Heinrich Gelzer (1 July 1847, in Berlin – 11 July 1906, in Jena) was a German classical scholar. He wrote also on Armenian mythology. He was the son of the Swiss historian Johann Heinrich Gelzer (1813–1889). He became Professor of classical philology and ancient history at the University of Jena, in 1878. He wrote a still-standard work on Sextus Julius Africanus. He worked out the chronology of Gyges of Lydia, from cuneiform evidence, in an 1875 article.

Works
Sextus Julius Africanus und die byzantinische Chronographie (three volumes) – Sextus Julius Africanus and the Byzantine chronology.
Georgii Cyprii Descriptio orbis romani (1890).
Index lectionum Ienae (1892).
Leontios' von Neapolis Leben des heiligen Johannes des Barmherzigen, Erzbischofs von Alexandrien (1893) – Leontios of Neapolis' life of John the Merciful, Archbishop of Alexandria.
Geistliches und Weltliches aus dem türkisch-griechischen Orient (1900) – The spiritual and worldly of the Turkish-Greek Orient.
Ungedruckte und ungenügend veröffentlichte Texte der Nottiae episcopatuum.

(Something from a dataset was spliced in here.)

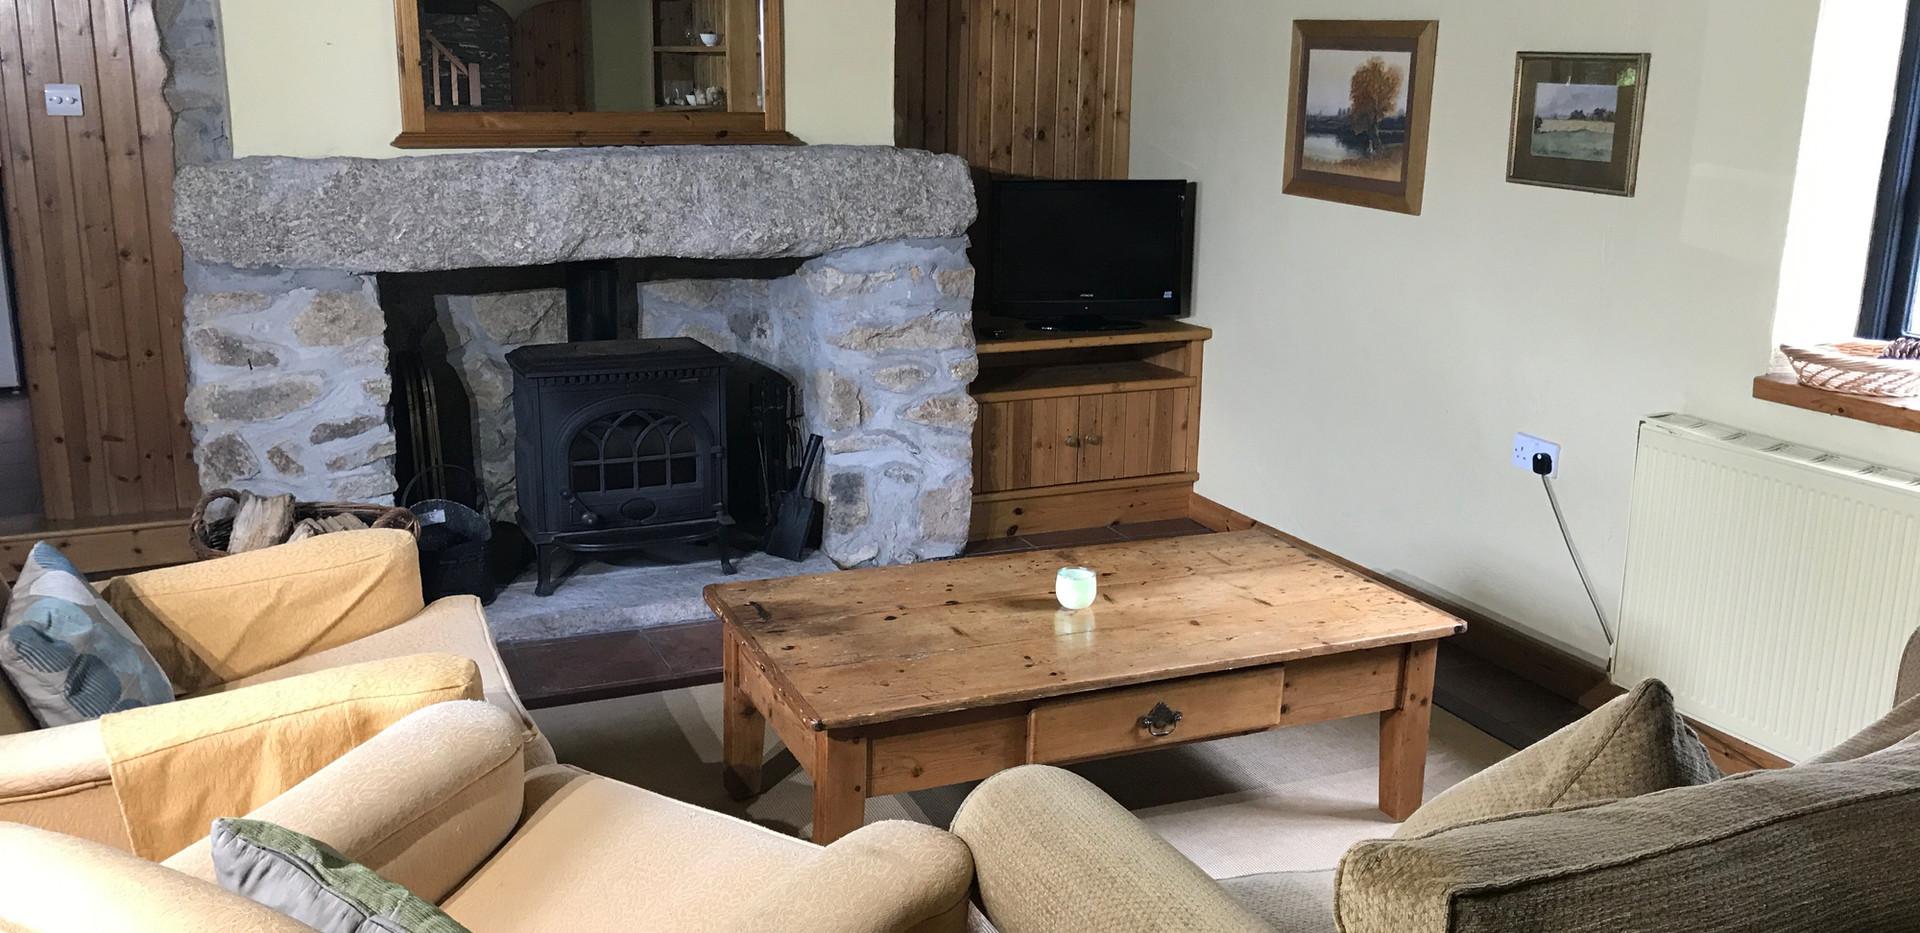 Log Burner and Sofas

Ein Beitrag zur byzantinischen Kirchen- und Verwaltungsgeschichte (1901) – Unpublished and incomplete texts of the Notitiae Episcopatuum, a contribution to the Byzantine church and administrative history. 

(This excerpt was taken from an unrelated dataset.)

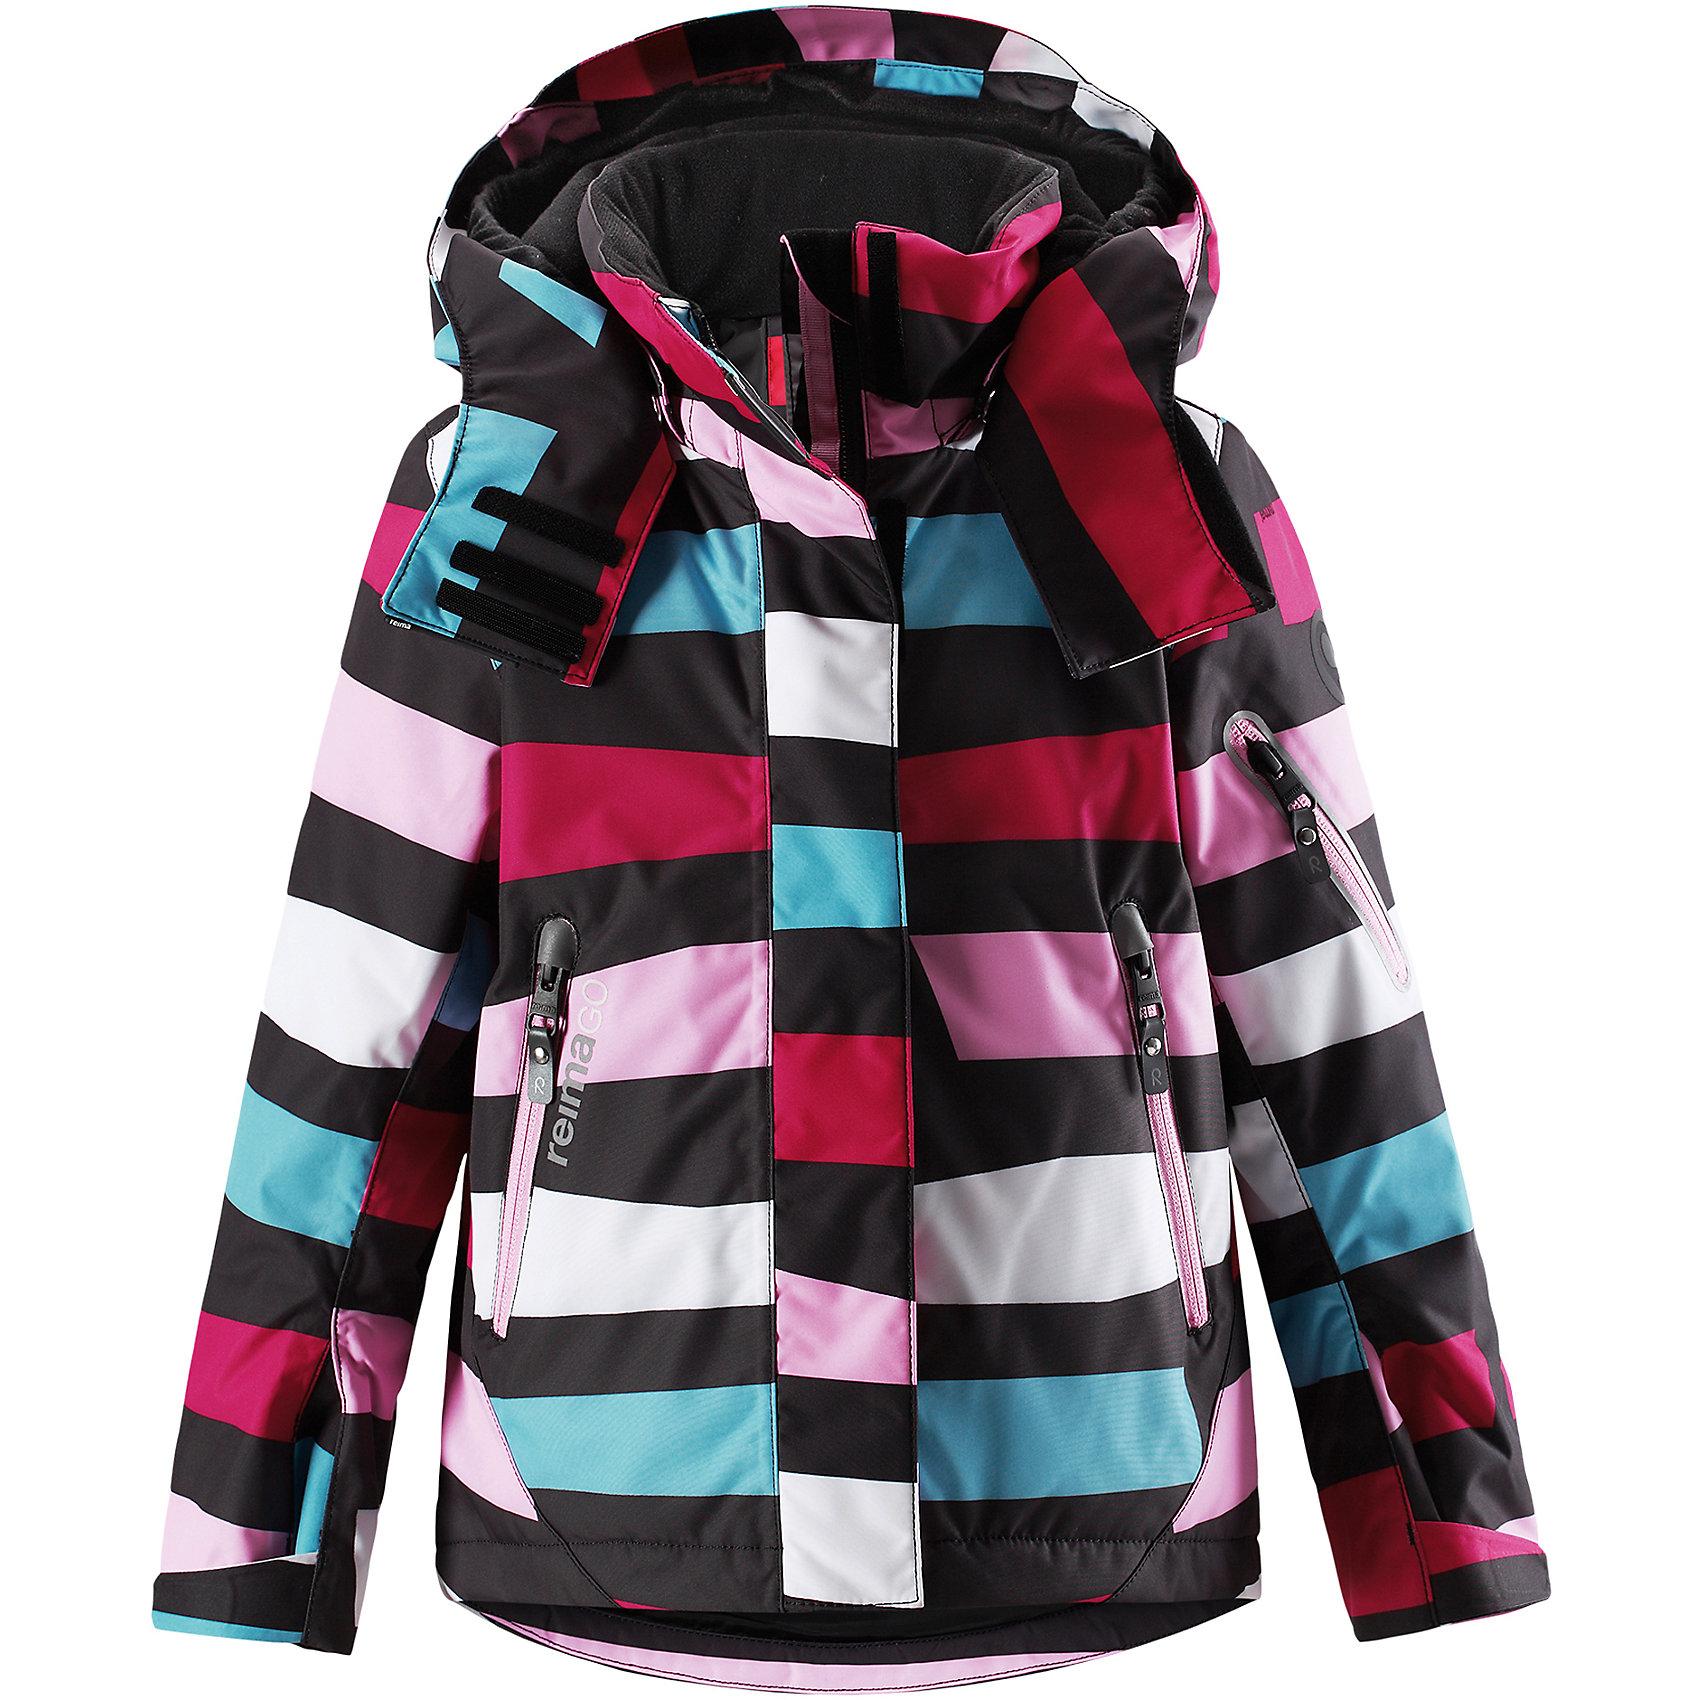 Куртка Reimatec® Reima Roxana для девочкиВерхняя одежда<br>Характеристики товара:<br><br>• цвет: мультиколор;<br>• 100% полиэстер;<br>• утеплитель: 100% полиэстер, 140 г/м2;<br>• сезон: зима;<br>• температурный режим: от 0 до -20С;<br>• водонепроницаемость: 15000 мм;<br>• воздухопроницаемость: 7000 мм;<br>• износостойкость: 30000 циклов (тест Мартиндейла)<br>• ветронепроницаемый, дышащий материал;<br>• водо- грязеотталкивающий материал;<br>• все швы проклеены и водонепроницаемы;<br>• гладкая подкладка из полиэстера;<br>• застежка: молния с дополнительной планкой на липучках;<br>• защита подбородка от защемления;<br>• безопасный, съемный и регулируемый капюшон;<br>• регулируемые манжеты и внутренние манжеты из лайкры;<br>• регулируемый подол, снегозащитный манжет на талии;<br>• карманы на молнии, карман для skipass на рукаве;<br>• карман для очков и внутренний нагрудный карман;<br>• карман с креплениями для сенсора ReimaGO®;<br>• светоотражающие элементы;<br>• страна бренда: Финляндия;<br>• страна производства: Китай.<br><br>Зимняя куртка на молнии Reimatec® с множеством функциональных деталей. Куртка с проклеенными швами сшита из специального, водо и грязеотталкивающего и дышащего материала. Эта куртка с подкладкой из гладкого полиэстера легко надевается, и ее очень удобно носить с теплым промежуточным слоем. <br><br>Манжеты и подол куртки регулируются, так что ее можно подогнать точно по фигуре. Снежную юбку можно пристегнуть к подкладке, если она не используется. Съемный и регулируемый капюшон безопасен во время игр на свежем воздухе, он легко отстегнется, если вдруг за что-нибудь зацепится. Капюшон также оснащен козырьком и отворотом, защищающим шею от ветра. <br><br>Отделку этой модной зимней модели довершают контрастные молнии на карманах, карман для лыжной карты на рукаве, нагрудный карман и карманы на молнии и специальный карман для сенсора ReimaGO. Эта куртка очень проста в уходе, кроме того, ее можно сушить в стиральной машине. Благодаря множеству практичны

Vom heiligen Berge und aus Makedonien. Reisebilder aus den Athosklöstern und dem Insurrektionsgebiet (1904) – From the Sacred mountains and from Macedonia; Travel pictures from the Athos monasteries, etc.

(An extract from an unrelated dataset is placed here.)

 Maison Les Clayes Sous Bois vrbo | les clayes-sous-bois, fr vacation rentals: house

Scriptores sacri et profani ... Bd. 4. Des Stephanos von Taron armenische Geschichte (1907), translation with August Burckhardt. 
Byzantinische Kulturgeschichte (1909) – Byzantine cultural history.
Patrum nicaenorum nomina, with Heinrich Hilgenfeld and Otto Cuntz.
Ausgewählte kleine Schriften – Selected smaller writings.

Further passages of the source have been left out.